◆ EXERCISE OBJECTIVE
Every line from the one with "Termite eaten tree" to the final line of the records should be printed exactly as it is, with pictures left out.

◆ PROVIDED RECORDS
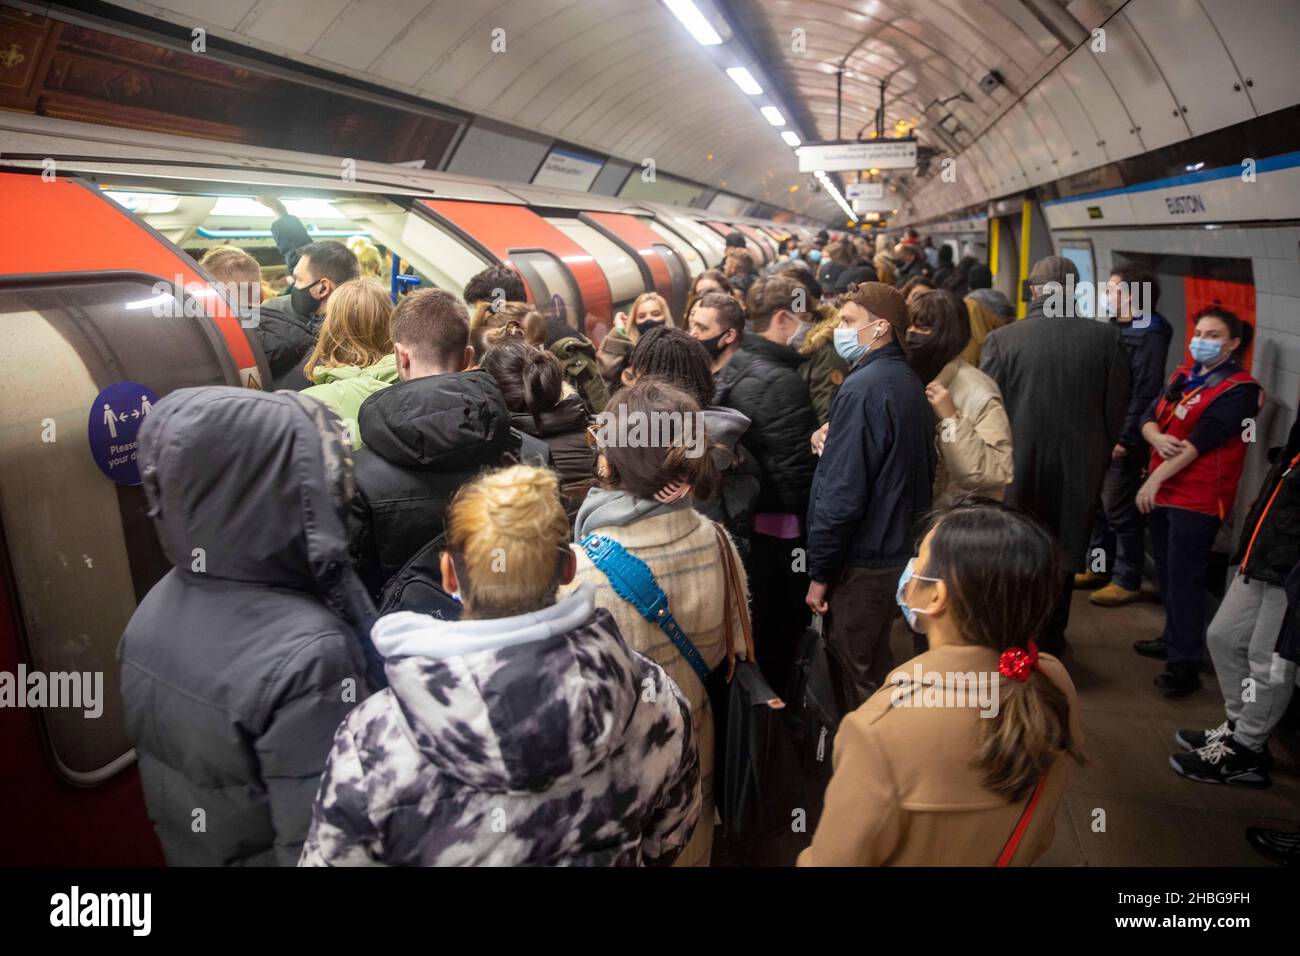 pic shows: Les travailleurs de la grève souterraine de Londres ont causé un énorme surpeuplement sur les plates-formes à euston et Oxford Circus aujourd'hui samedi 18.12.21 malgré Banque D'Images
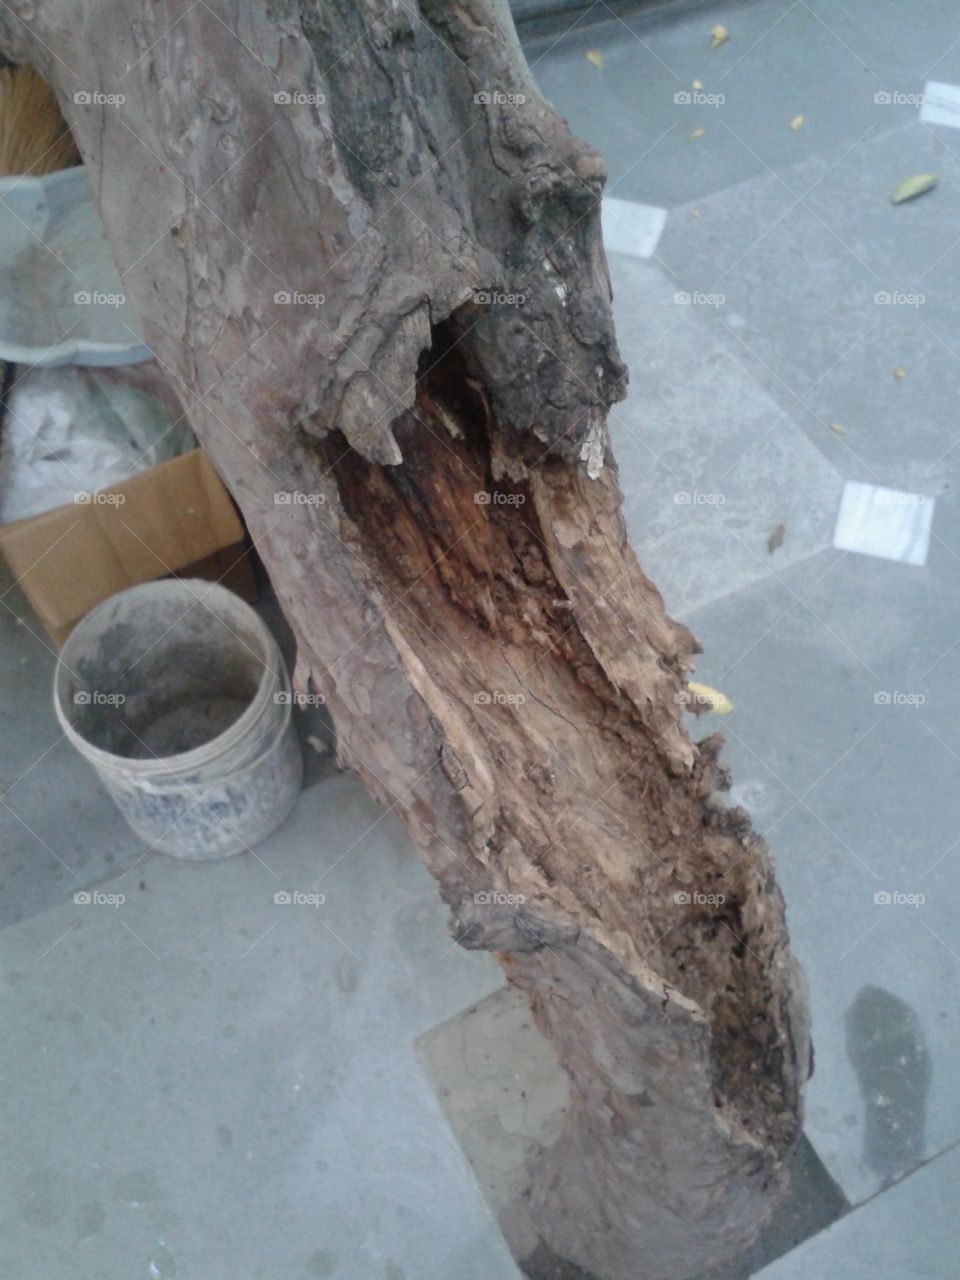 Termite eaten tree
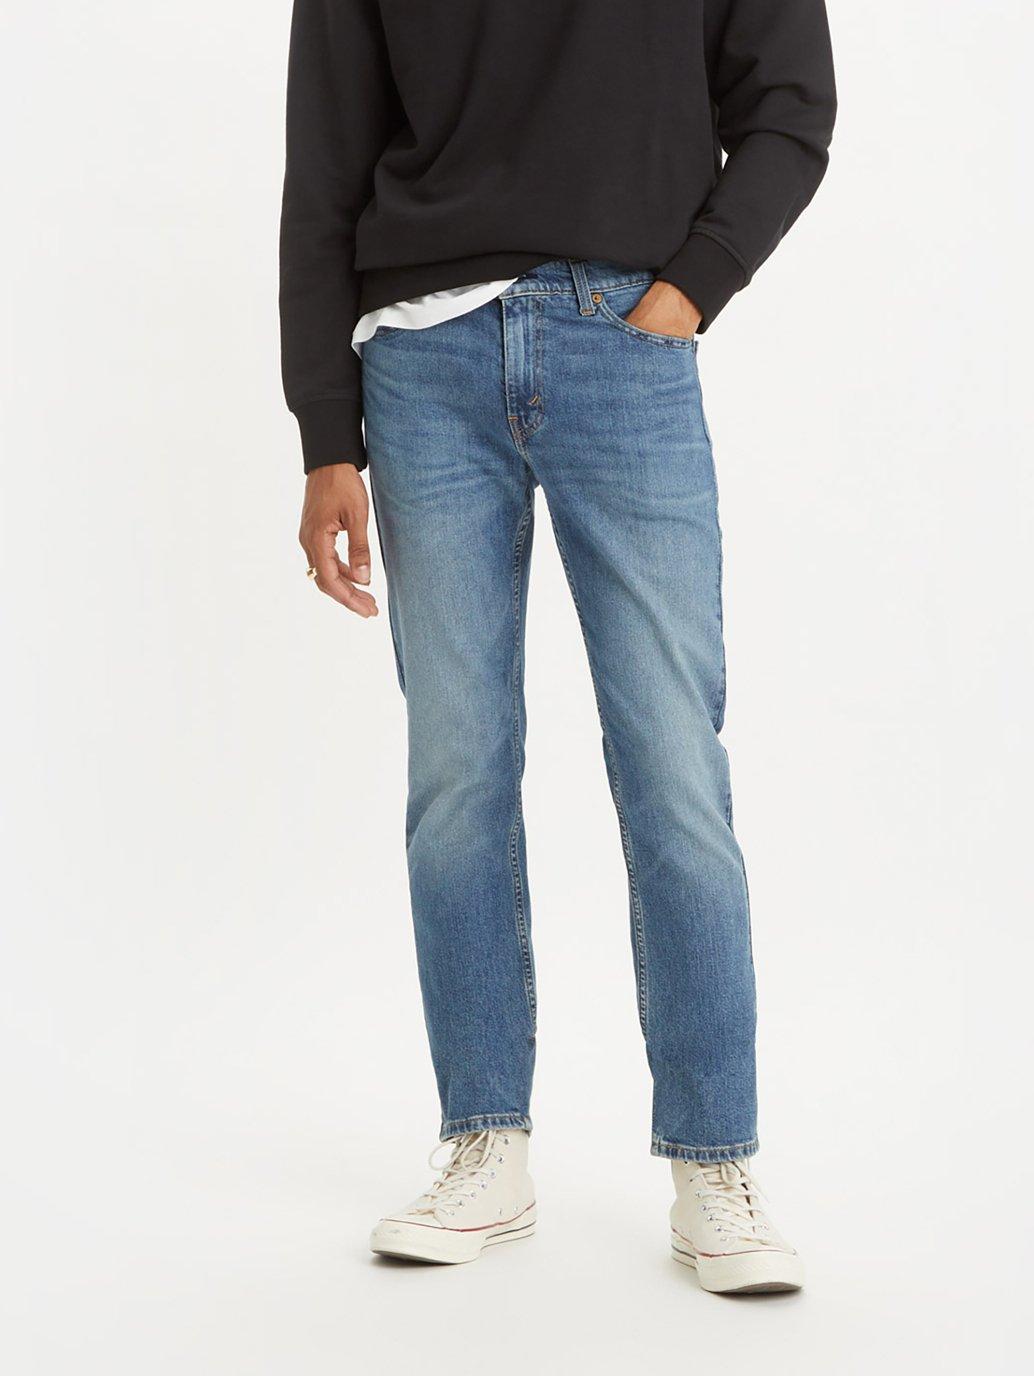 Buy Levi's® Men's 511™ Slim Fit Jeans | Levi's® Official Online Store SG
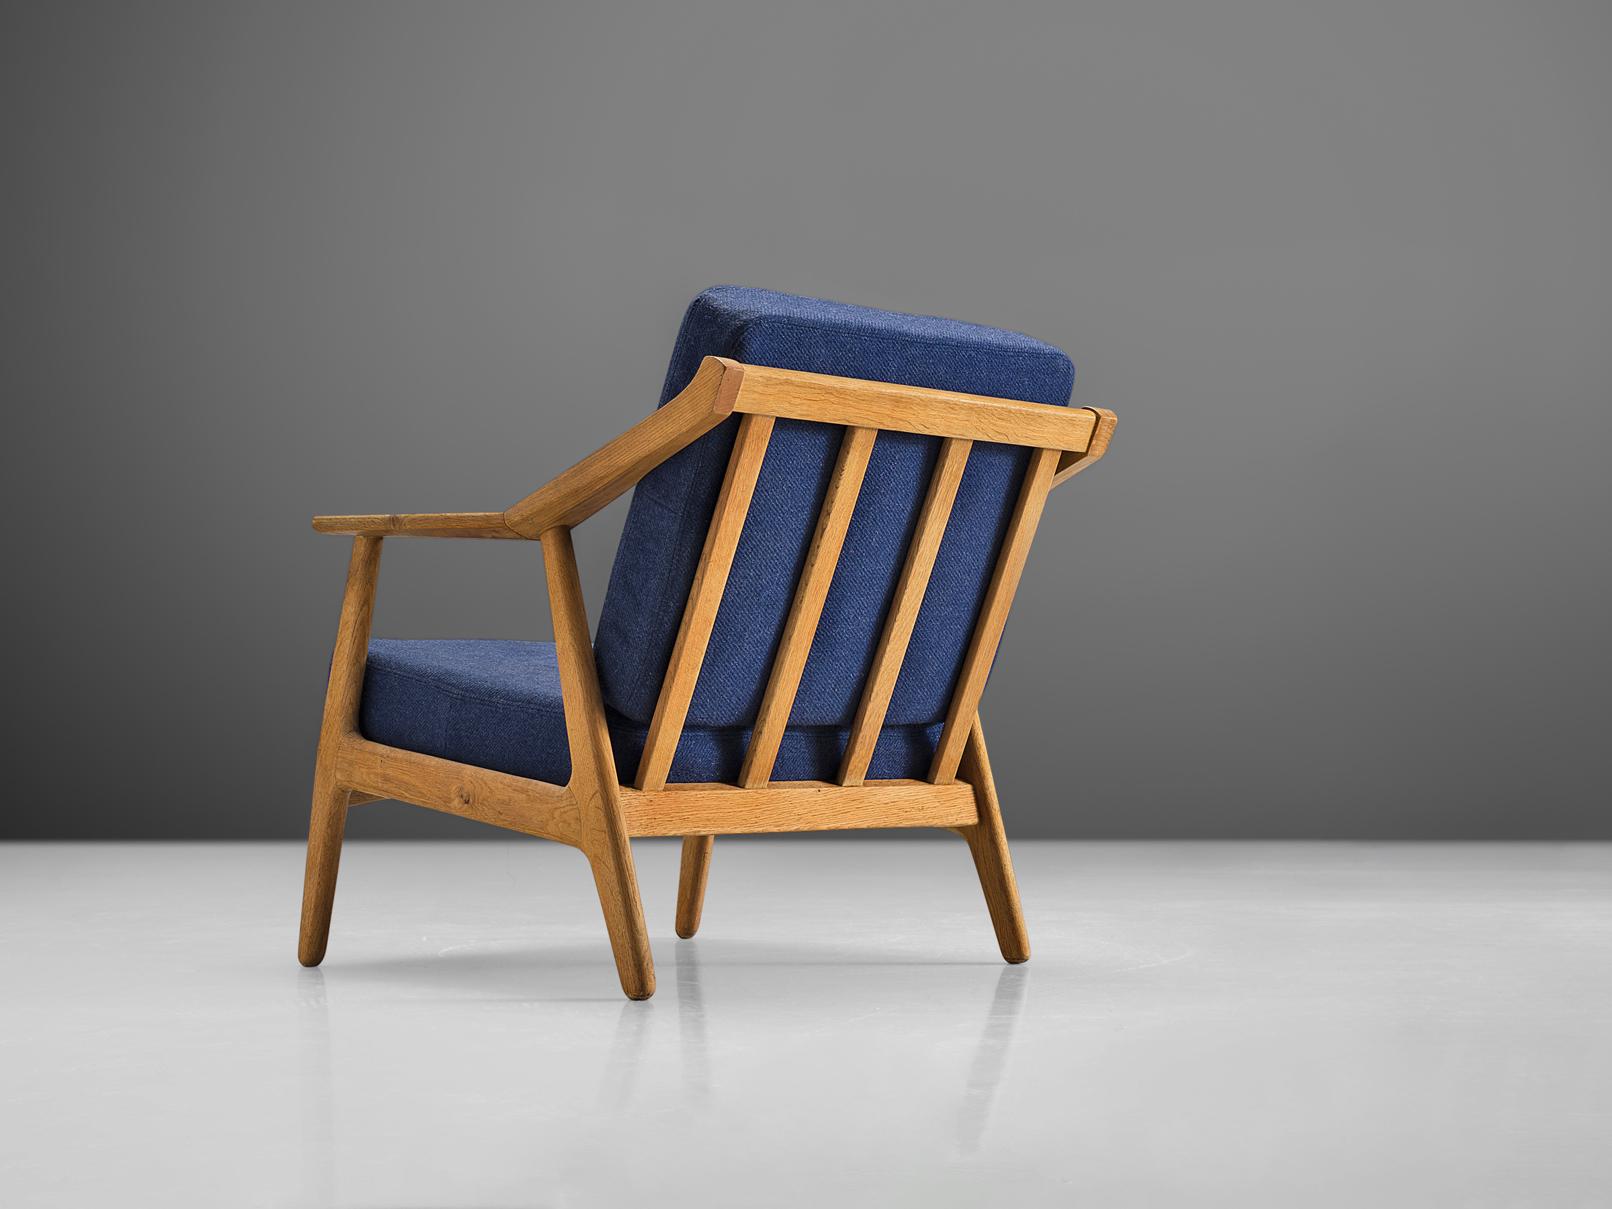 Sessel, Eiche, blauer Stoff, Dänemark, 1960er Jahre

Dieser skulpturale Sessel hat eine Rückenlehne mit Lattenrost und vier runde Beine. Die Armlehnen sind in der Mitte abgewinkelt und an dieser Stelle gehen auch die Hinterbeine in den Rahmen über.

◆ ANSWER TO THE EXERCISE
 Termite eaten tree
 Buy Levi's® Men's 511™ Slim Fit Jeans | Levi's® Official Online Store SG
 Sessel, Eiche, blauer Stoff, Dänemark, 1960er Jahre

Dieser skulpturale Sessel hat eine Rückenlehne mit Lattenrost und vier runde Beine. Die Armlehnen sind in der Mitte abgewinkelt und an dieser Stelle gehen auch die Hinterbeine in den Rahmen über.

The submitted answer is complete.